Rental Growth Retail Moderates Below Expectations Weak Spending

SINGAPORE’S RETAIL PROPERTY MARKET FACES CHALLENGES AS CONSUMER SPENDING FALLS SHORT

According to Alan Cheong, executive director of research and consultancy at Savills Singapore, retail property market in Singapore is expected to be dampened by weaker-than-expected consumer spending in 2024. He points out that the monthly retail sales index (excluding motor vehicles) and food and beverage (F&B) sales index have mostly recorded negative changes throughout the year, reflecting the sluggish consumer spending.

Cheong forecasts a modest 2% increase in rent for retail properties in the prime Orchard Road submarket by the end of the year. This falls short of the 3% to 5% increase that was initially expected at the beginning of the year by Savills. In contrast, suburban retail rents are expected to remain flat, in alignment with the initial forecast for this segment.

Novo Place EC offers a prime location that enhances the overall living experience for its residents, with its proximity to various shopping and dining options. This highly sought-after address provides unparalleled convenience and access to a diverse range of amenities. From state-of-the-art malls for retail therapy, to an array of local eateries for delicious meals, or even a day out in nature, Novo Place EC has it all. This creates a harmonious lifestyle for all ages and preferences, making it not just a residential complex, but a dynamic community to belong to. Explore the vibrant and well-connected Novo Place EC today.

According to a joint research by DBS and Singapore Management University (SMU), consumer concerns over higher-than-expected inflation have eased in recent quarters. The research, led by SMU’s Sim Kee Boon Institute for Financial Economics (SKBI), also found that most Singaporeans believe inflation will stabilize in the coming months due to the global economic slowdown, high interest rates, and potential easing of supply chain disruptions.

In October, retail sales (excluding motor vehicles) increased by 0.3% y-o-y, reversing the previous month’s decline of 1.5%. Cheong says that a better outcome for the retail market would be if consumer spending kept up with inflation. However, the low spending rate poses financial challenges for businesses in the industry.

Even though Singapore has hosted many headline concerts, conferences, and exhibitions this year, retail spending and rental rates saw limited support. According to CBRE’s research published last month, the footfall generated by these events had a nuanced effect on surrounding malls.

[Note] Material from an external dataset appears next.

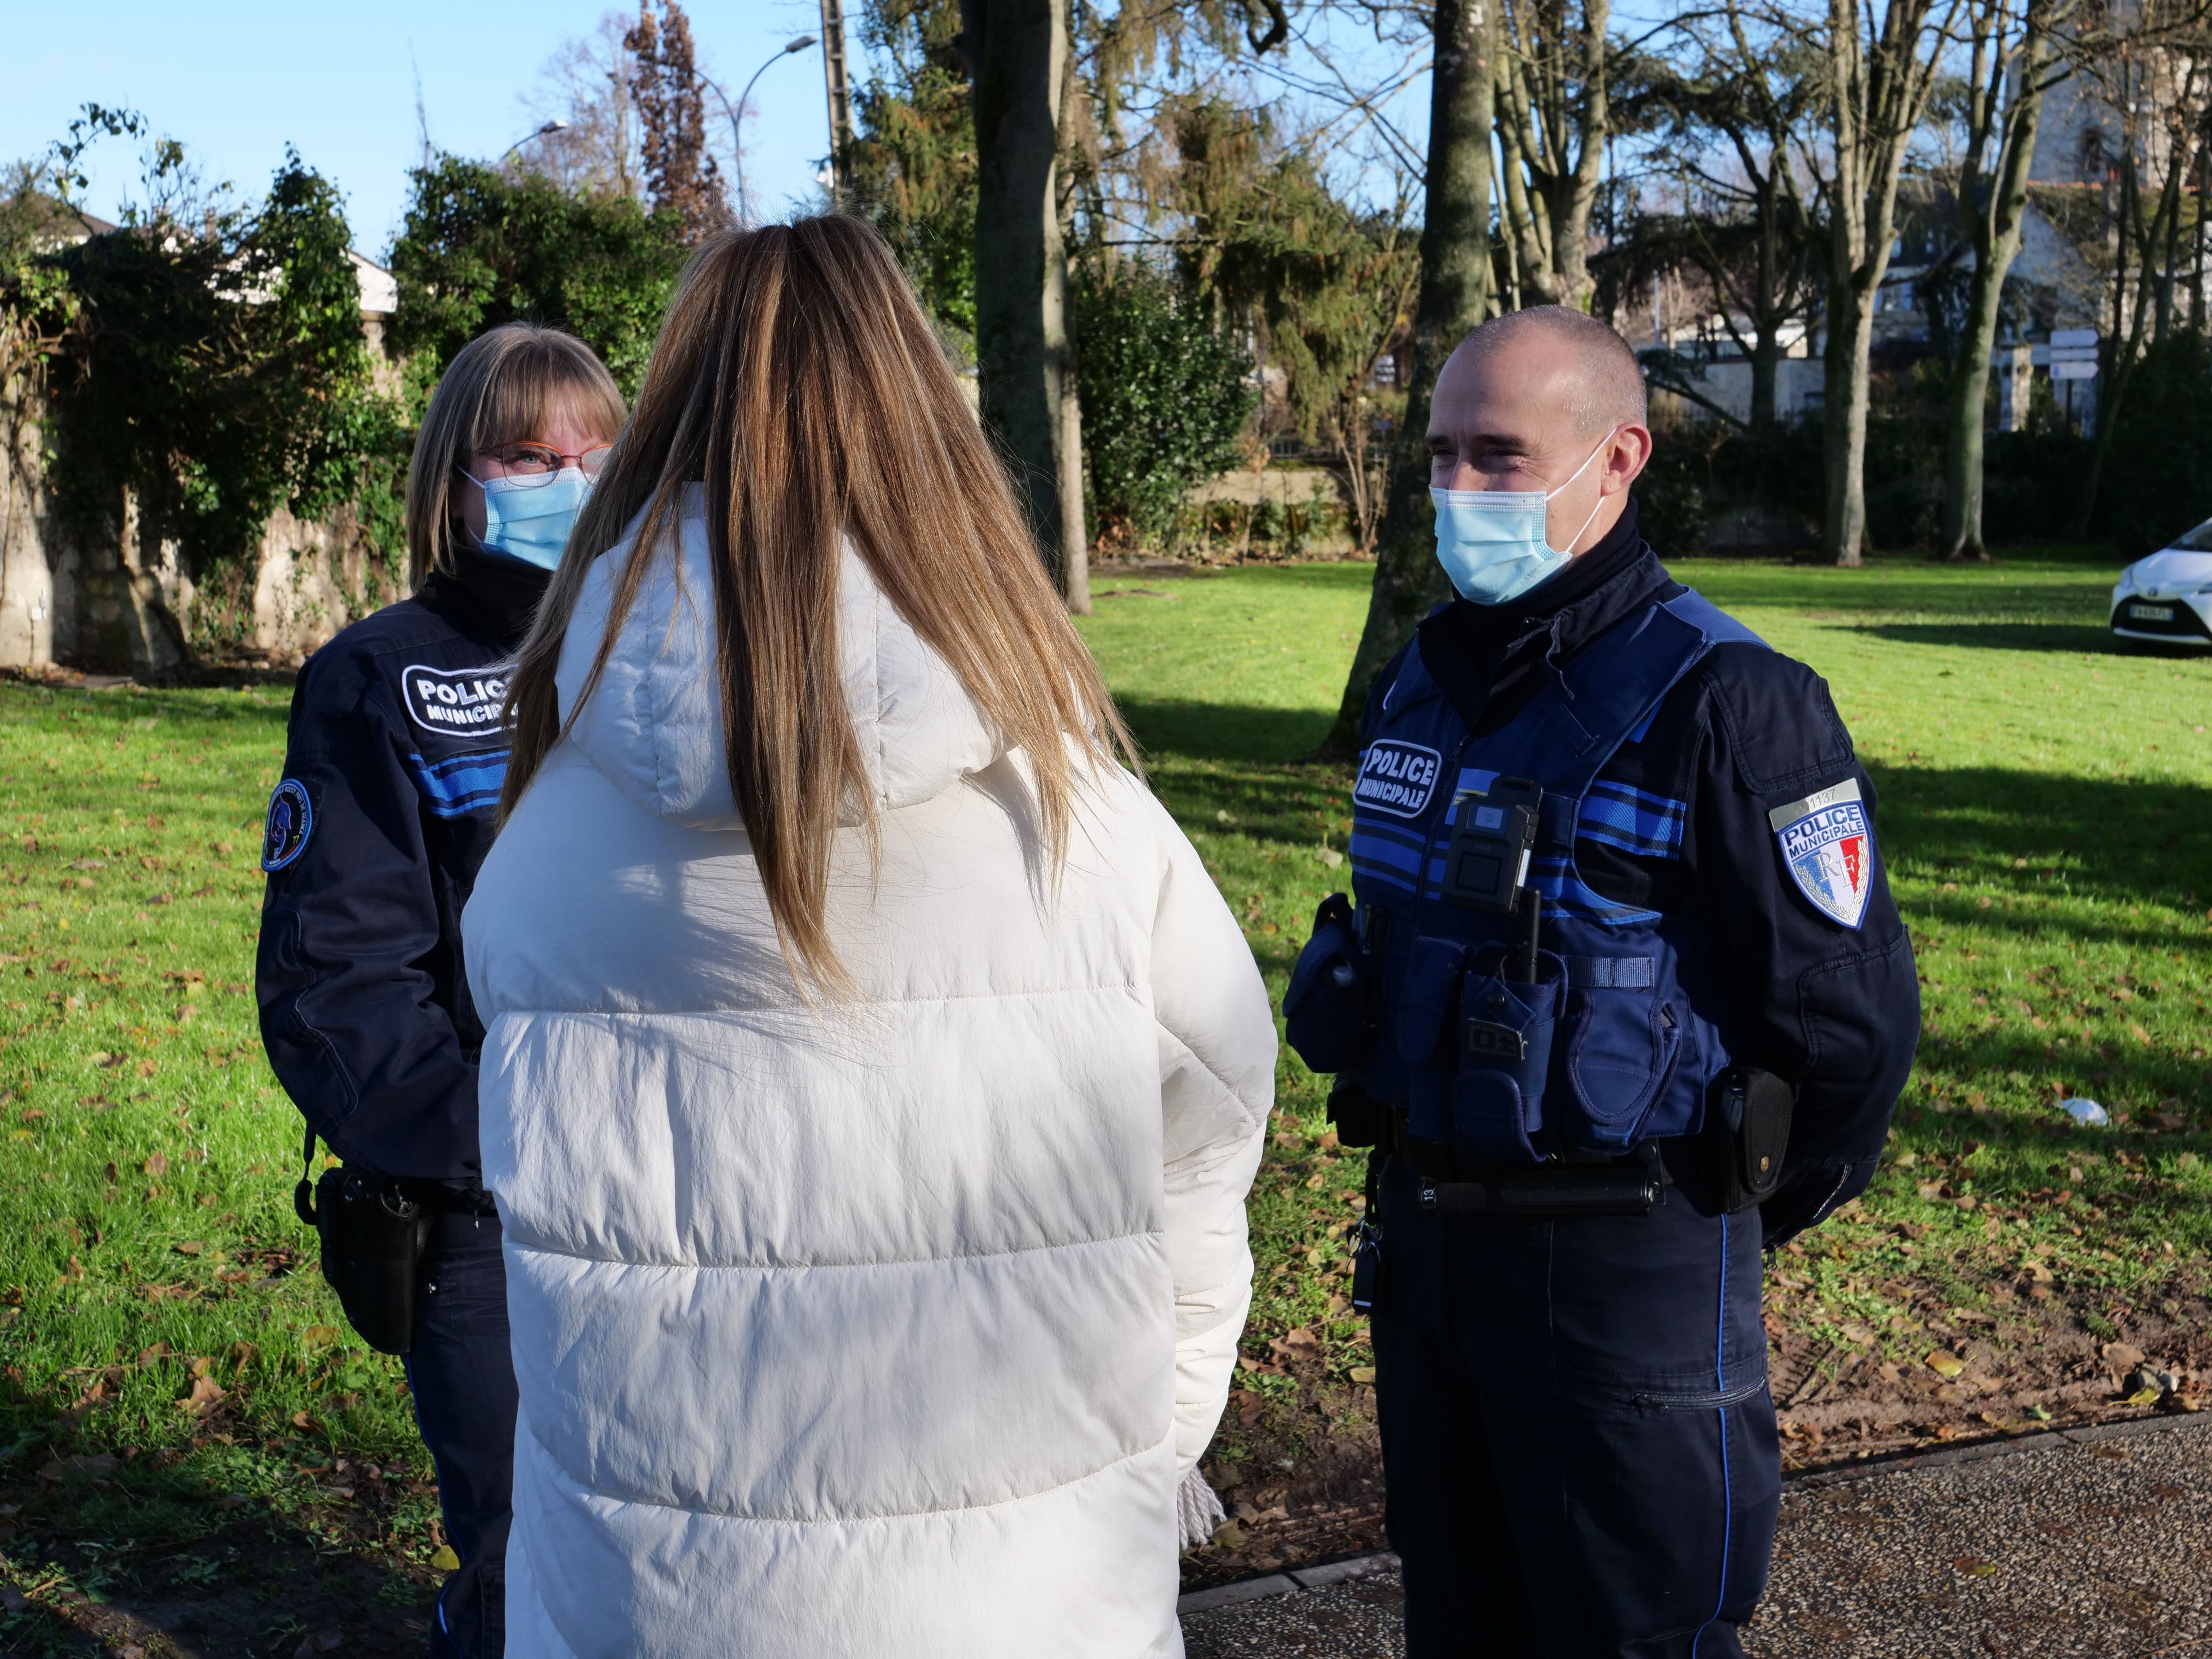 La police intercommunale et interdépartementale intervient dans 17 communes, 10 du Val-d’Oise et 7 de Seine-et-Marne, soit un bassin de quelque 60000 habitants. /Communauté d'agglomération Roissy- Pays-de-France

The Monetary Authority of Singapore estimates that over half of the 500,000 attendees at Taylor Swift and Coldplay concerts were foreigners, contributing between $350 million and $450 million in tourism receipts. However, other MICE (meetings, incentives, conferences, and exhibitions) events did not have a significant impact on retail activity, according to CBRE Research.

In addition to concerts, Singapore also hosted various leisure and business events, including the Formula One Grand Prix, the 25th World Congress of Dermatology, The Meetings Show Asia Pacific, NRF 2024, and ART SG. According to CBRE’s observations, business event attendees tend to stay at the event venue, and even the F1 race, one of Singapore’s most prominent international events, did not significantly boost foot traffic in tourist-centric areas like Orchard Road.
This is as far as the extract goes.